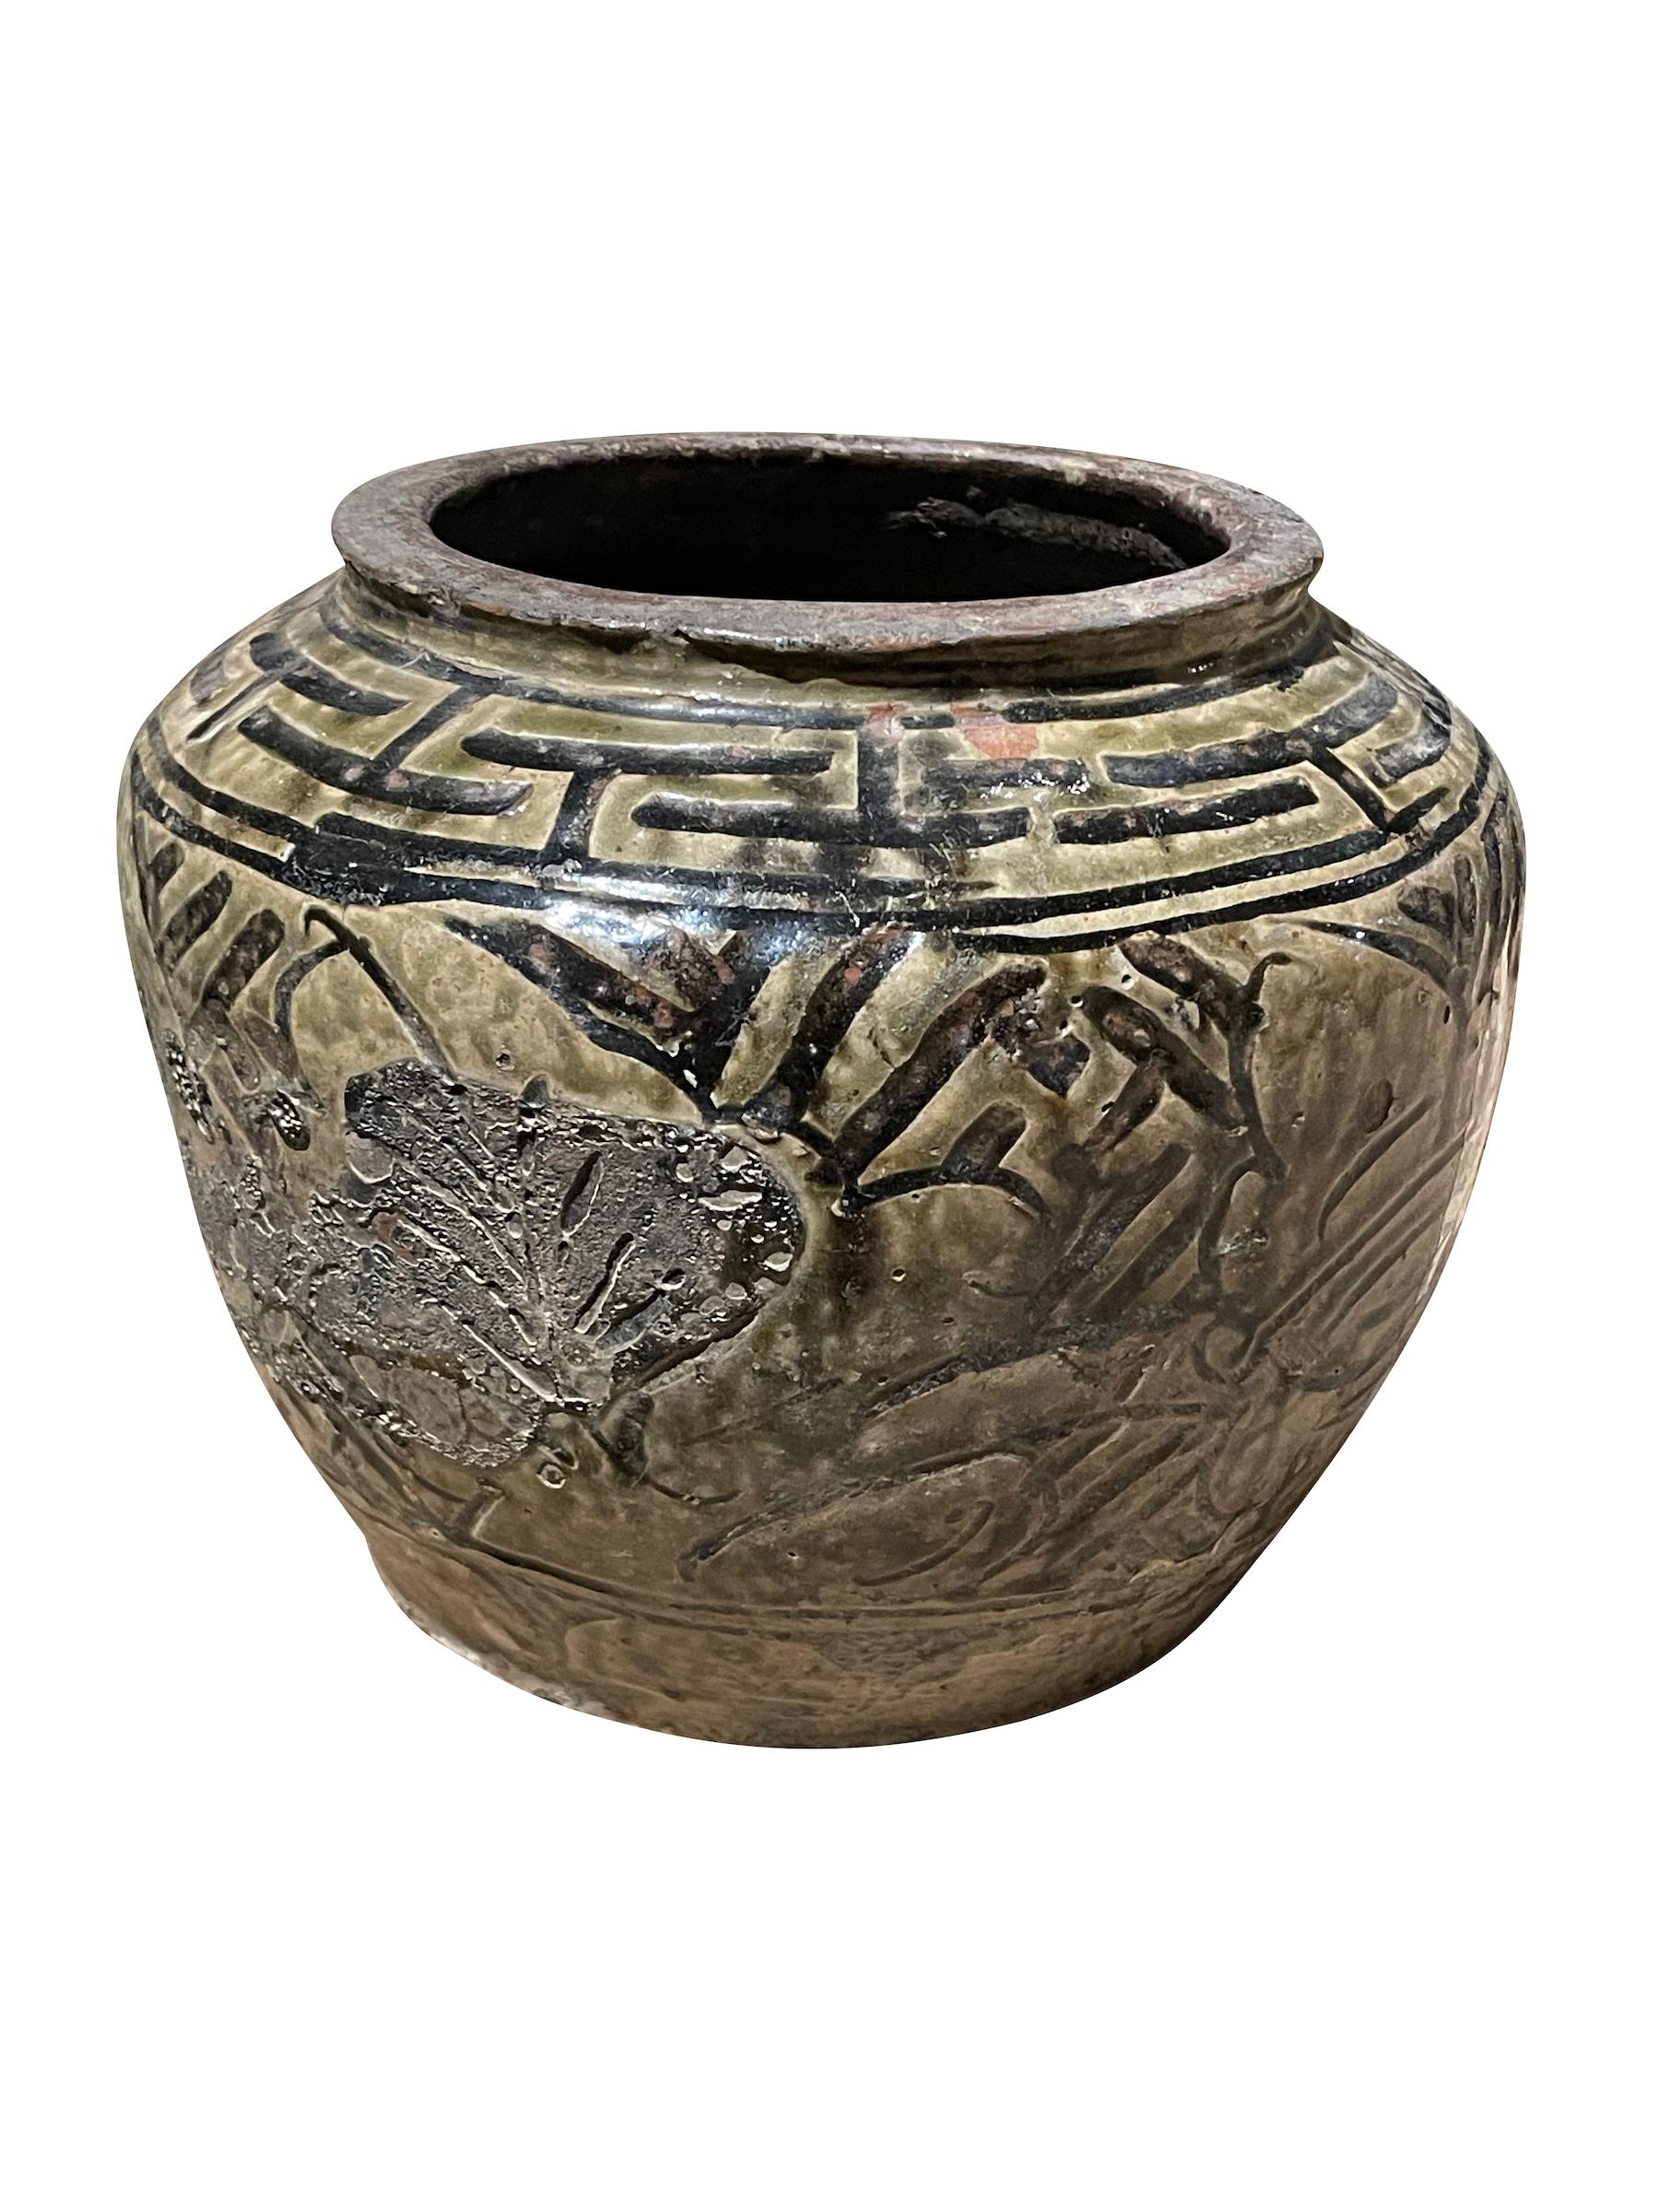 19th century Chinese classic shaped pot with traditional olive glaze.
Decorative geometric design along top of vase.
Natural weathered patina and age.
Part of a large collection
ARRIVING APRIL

* * * * *

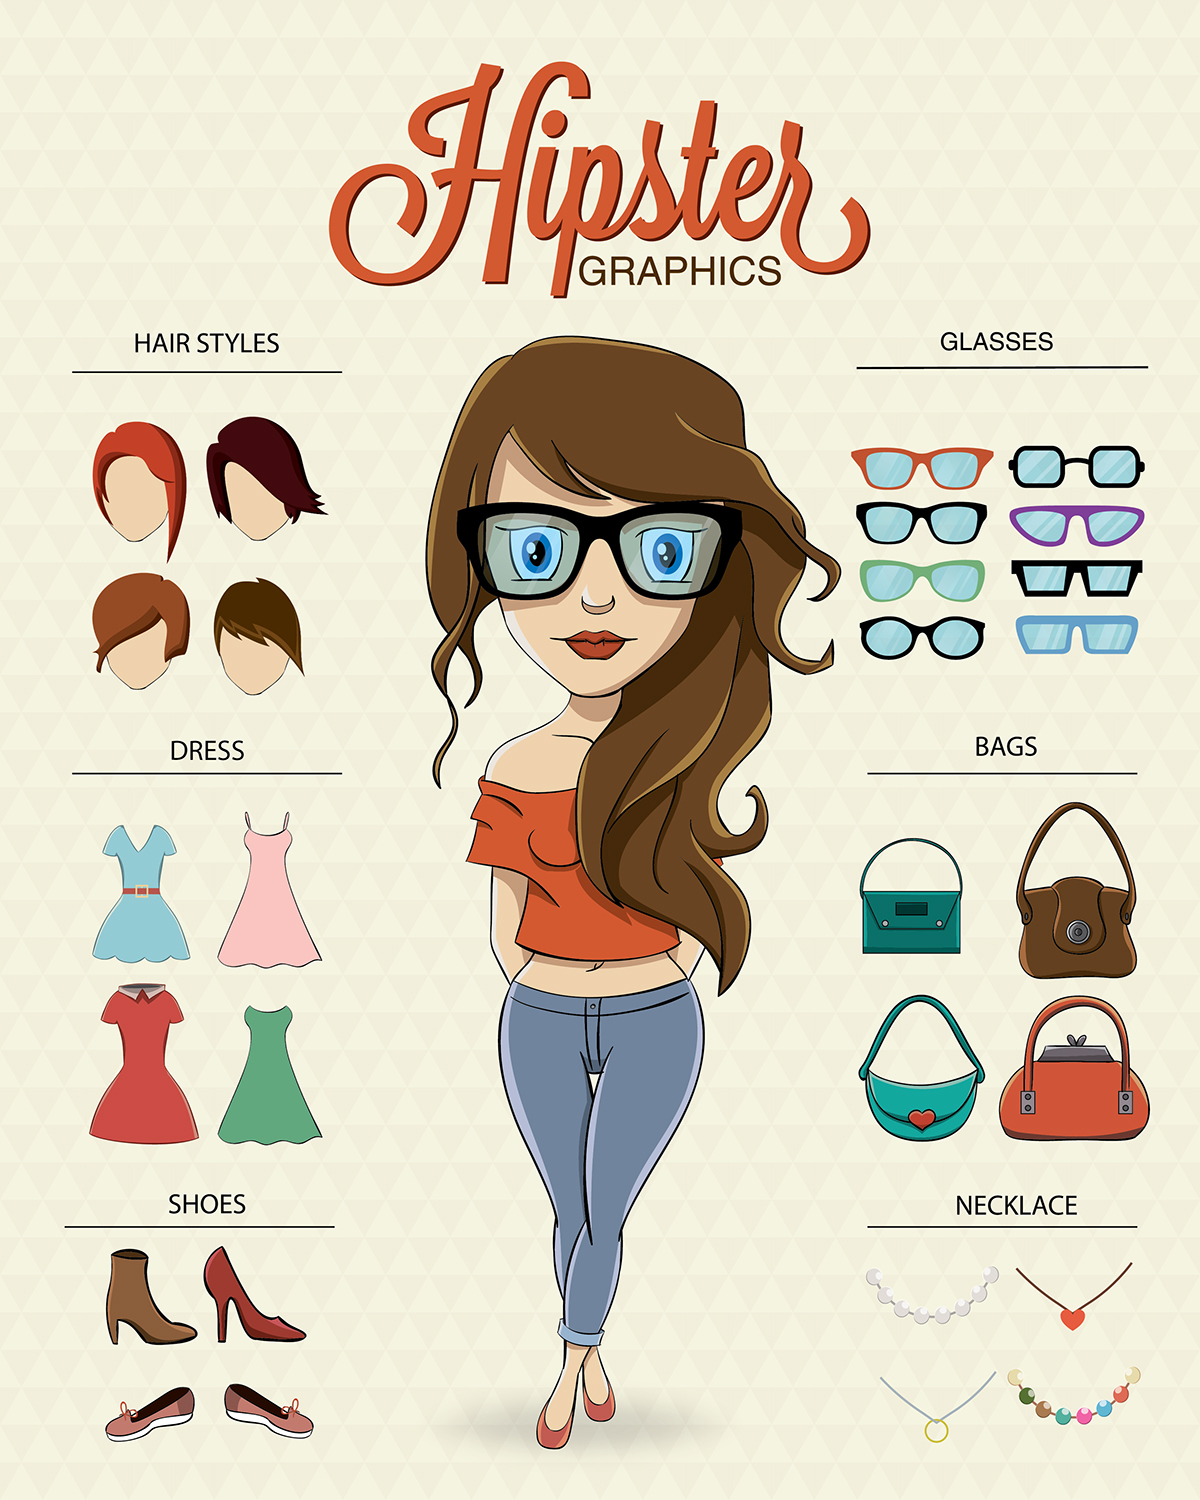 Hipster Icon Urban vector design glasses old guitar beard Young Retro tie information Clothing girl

* * * * *

* [What is needed]: A word-for-word reproduction is needed of the lines above from the line containing "19th century Chinese" through the line containing "ARRIVING APRIL", with both ends kept and no pictures.

* [Answer space]:
 19th century Chinese classic shaped pot with traditional olive glaze.
Decorative geometric design along top of vase.
Natural weathered patina and age.
Part of a large collection
ARRIVING APRIL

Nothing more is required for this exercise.